At the very heart of our Biblical tradition is this commandment from the Book of Leviticus: “You shall not stand idly by the blood of your fellow.” (Leviticus 19:16)
If we see our sisters or brothers in danger, our job is simple: Provide that help, come to their aid, do what is in our power to protect them and save them.
In the midst of a global pandemic, we feel the call to protect and promote the health and well-being of others even more urgently. Right now, we hear the call to uphold the ultimate Jewish value of pikuach nefesh (saving a life).
Sometimes, we live out that value in an immediate way. We donate blood today, which can save lives in real time. We provide support for basic needs to ensure that people in our community have enough to eat right now. But if we truly wish to move the needle in the work of pikuach nefesh, we must also provide resources to fund research over many years, even decades, that will, ultimately, yield dramatic results.
To truly make a difference, to be God’s partners in bringing healing to the world, we must “not stand idly by” in both immediate and long-term ways.
California voters have an opportunity to do just this by voting yes on Proposition 14, which will advance the California Institute of Regenerative Medicine’s stem cell research to help those who are affected by ailments including heart disease, diabetes, Alzheimer’s, Parkinson’s disease, sickle cell disease, spinal cord injuries, Covid-19, and so many other chronic illnesses and injuries.
Funding for this important and vital medical research helps save lives, and it will provide immediate economic stimulus, as well. Even as it funds long-term strategies to alleviate human suffering, Prop. 14 will create jobs during this challenging time. Recent studies suggest that Prop. 14 would generate approximately $20 billion in increased economic activity in California, yielding more than 100,000 new jobs at every level. This far surpasses Prop. 14’s estimated cost of $5.5 billion in bonds.
Critics of the proposition question the need for such funding on a state level today. They argue that Proposition 71, the initiative that originally created the California Institute of Regenerative Medicine, was passed in 2004 only because President George W. Bush had banned federal funding for stem cell research. Now that federal funding for stem cell research is allowed, the critics charge, it’s no longer California’s responsibility to fund such research; private and federal funding should be used to continue this important work.

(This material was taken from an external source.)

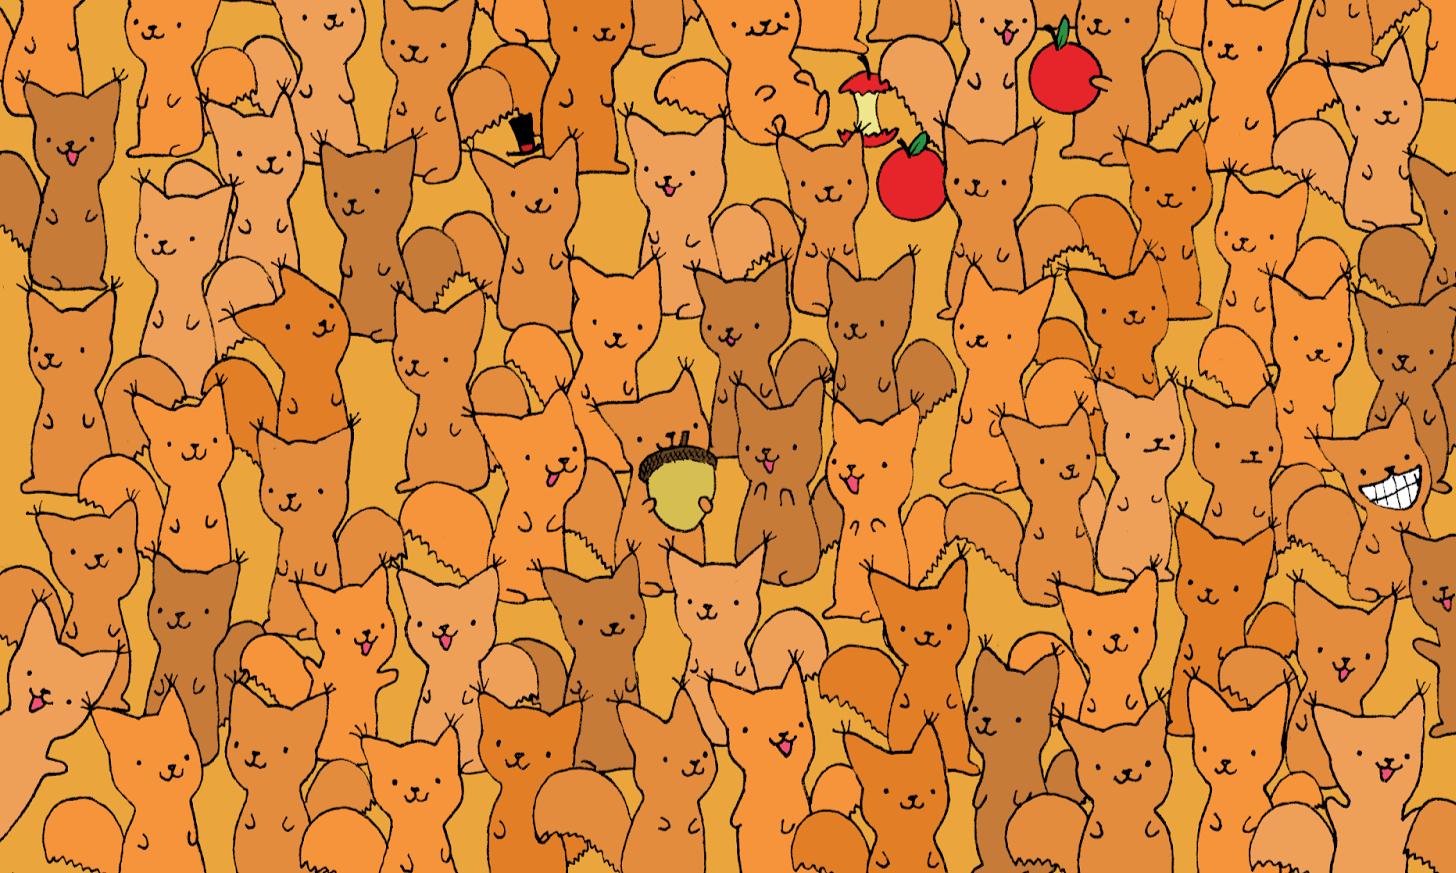 картинка найди медведя среди собак был хороший салон

However, relying on federal and private funds is too risky. Many in our country wish to stifle and limit stem cell research on religious grounds. Far more importantly, Jewish law on this matter is unequivocal: stem cell research is not just permitted, but, arguably, required as a matter of pikuach nefesh. Numerous halachic authorities have made this clear. It should, therefore, come as no surprise that some of the most exciting work in stem cell research is currently being done in Israel.
Medical experts agree that stem cell research and therapies will save lives and alleviate human suffering. In fact, it already has. One example is the stem cell work Dr. Donald Kohn at UCLA conducted to cure ADA-SCID — “bubble baby disease.”
This work is too important for us to leave it to chance or to allow it to be cut off or limited.
We see Prop. 14’s opportunity to provide such resources for life-saving research as a blessing, the fulfillment of core Jewish values.
Just one chapter before the commandment to “not stand idly by,” our Torah reminds us that the purpose of mitzvot, the very goal of Judaism, is to enhance life. We are commanded: “in the pursuit of My laws and statutes you shall live.” (Leviticus 18:5) The Rabbis of the Talmud interpret this verse to mean that the ultimate value, above all else, is life itself.
To be sure, it will take many years to realize the promise of current research. But like the well-known story of Honi, who came upon an old man planting a tree that would not bear fruit for another 70 years, we recognize that our efforts are not for ourselves alone. Just as our ancestors sacrificed so that our lives would be better, we commit ourselves to doing the same for our descendants.
The voices of our sisters and brothers cry out to us: friends and family members with diabetes; co-workers fighting against cancer; loved ones slipping away due to the cruel ravages of Alzheimer’s.
They call out to us in their pain. They are searching for hope.
We cannot stand idly by. We must generously sacrifice so that they and subsequent generations might live and be well.
There are quite literally lives to be saved. Join us by voting yes on Prop, 14 on Nov. 3.